Приведённый ознакомительный фрагмент книги Секта Анти Секта. Том первый. Осколки предоставлен нашим книжным партнёром — компанией ЛитРес.

Купить и скачать полную версию книги в форматах FB2, ePub, MOBI, TXT, HTML, RTF и других

Часть первая

Мы имеем не знания, а варианты их

Неизвестный.

Ласковое майское солнышко пригревало стылую землю неназойливо и не знойно, как в апогее лета, а приятно и жизнеутверждающе, как только это бывает в самом разгаре весны. В воздухе стояла смесь пряного аромата сирени, жимолости и особенно жасмина, чей сладковато терпкий запах всегда нравился Зимину, как и его белоснежно белые и девственно искренние цветки, сквозь которые несущие их зелёные веточки лишь слегка проглядывали.

Вилор шёл по асфальтированному тротуару мимо одиноких и скучных пятиэтажек, вновь погрузившись в свои рабочие грёзы. Дело, которое он задумал, несомненно, должно принести ему успех и, к тому же, неплохие дивиденды. Собственно, и делать уже почти ничего не надо было. Осталось лишь связать все рассыпанные осколки его многолетней работы в мозаику.

Только, связать так, чтобы всё сложилось в достаточно предсказуемую мозаику… Ведь непредсказуемость результата в его деле должна сводиться к минимуму.

Однако в его последней идее всё же чего то не хватало, какого то важного, всё замыкающего звена. Иначе он уж давно бы пошёл к Звягину, и, как обычно, заразил бы его своей молодой напористостью и уверенностью в успехе.

Этой новой идее в буквальном смысле не хватало только связки. Связки похожих и непохожих компонентов в одно целое…

Как то совершенно неожиданно потемнело вокруг. Он взглянул вверх на небо, которое в минуты этих его раздумий оказалось затянутым тучами, толстыми, но быстрыми, среди которых выделялось самое крупное и тёмное, похожее на распластанную шкуру чёрного гималайского медведя.

Ветра, как не странно, не наблюдалось, как вдруг первые капли дождя начали выбивать пыль из той поверхности земли, где не было вездесущего асфальта, а на самом тротуаре оставляли крупные водяные слёзы.

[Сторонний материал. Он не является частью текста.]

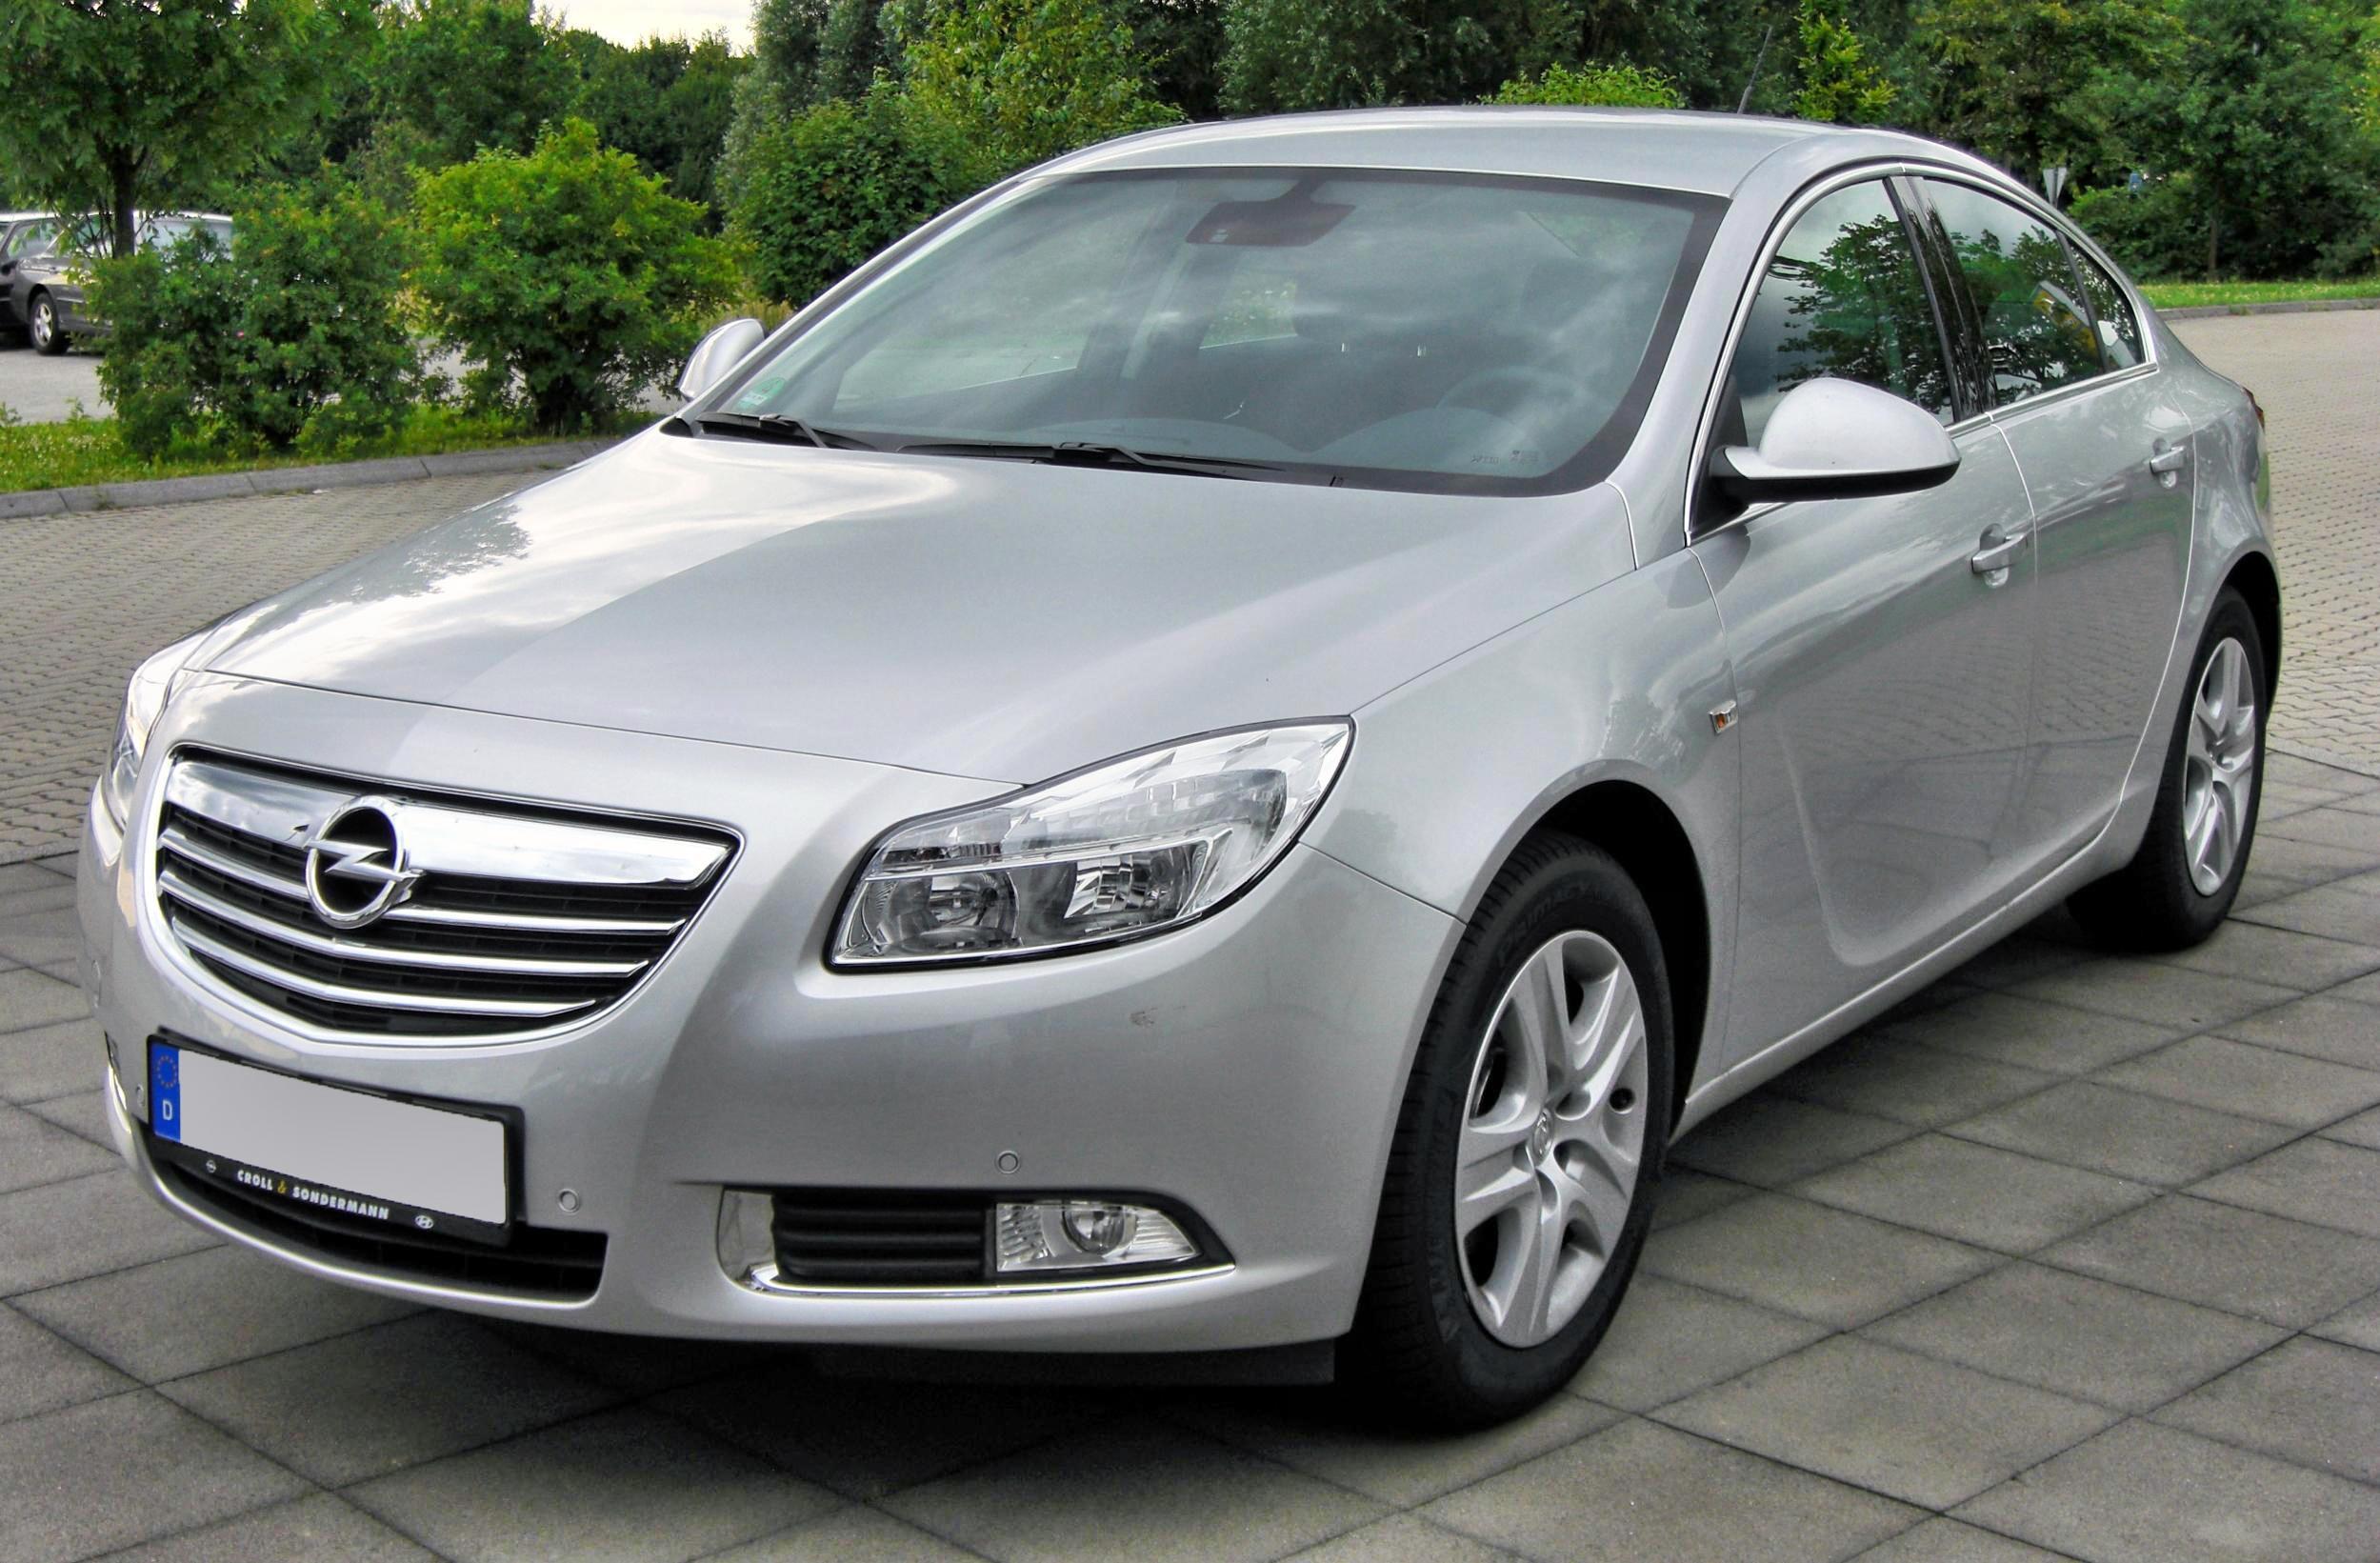 Opel Insignia Wiki >> File:Opel Insignia 20090717 front.jpg - Wikimedia Commons

Дождь усилился, громыхнул гром, а через несколько секунд уже начался настоящий ливень, шум падения воды которого не могли переспорить даже проезжавшие по улице редкие автомобили

Зимин стоял под навесом пустынной автобусной остановки, и, наблюдал за дождём, вмиг ставшим мощным ливнем, не собиравшемся, слишком скоро заканчиваться.

Теперь вдруг поднялся и ветер, нося потоки падающей воды туда и сюда, одаривая ими одиноких беспечных прохожих, снующих по своим неотложным делам.

Вило̀ру вдруг стало радостно от происходящего, от свежего воздуха, от весёлых брызг дождя. Мысли о работе оставили его, он стал наблюдать за разворачивающемся перед ним действом природы.

Этот тускловатый обычный городок, где он сейчас находился, слегка начал забывать весну, покрылся пылью наступающего лета, но этот дождь внёс пробуждение в его обыденный сон.

Гром прогрохотал ещё несколько раз, ливень постепенно стал сдаваться, однако тучи не рассеялись, как это бывает при коротких майских грозовых ливнях.

Зимин посмотрел на куст жасмина, росший позади остановки. Было видно, что он недавно расцвёл, и поэтому дождь своими крупными каплями был не в силах нанести его белым весёлым цветкам никакого вреда.

В то далёкое время Вило̀р был ещё очень молод, и он смутно представлял себе, что может быть когда либо старым, и вообще, что такое старость, нет, даже не старость, а зрелость, то есть состояние пожилого человека или человека, уже утомлённого жизнью.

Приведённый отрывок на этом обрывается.